5. Production Reality Check: Where the Industry is Today

Is Partition Exchange actually used in production? Yes, every single day. It is the gold standard for dropping or isolating historical data without locking your live tables.

However, while the ARCHIVE engine is an awesome architectural blueprint for stream compression, modern cloud infrastructure teams usually handle the "cold" tiering differently. Today, production database storage and IOPS (Input/Output Operations Per Second) are incredibly expensive. Engineers don't want cold, historical log data sitting on the same live production database instance, even if it is compressed.

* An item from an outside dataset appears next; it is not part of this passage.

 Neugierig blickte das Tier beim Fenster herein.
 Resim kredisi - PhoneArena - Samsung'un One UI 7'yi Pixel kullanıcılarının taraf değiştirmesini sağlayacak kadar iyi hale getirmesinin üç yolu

Instead, companies use Partition Exchange to isolate old data into a staging table, stream it completely out of MySQL into a cloud data lake (like AWS S3) formatted as hyper-compressed columnar Apache Parquet files, and then drop the staging table entirely. This keeps the live production database lean, fast, and remarkably cheap to run.

Conclusion

When you are building side projects or working through software engineering courses, it is easy to just default to standard database configurations. But looking under the hood changes how you approach application performance.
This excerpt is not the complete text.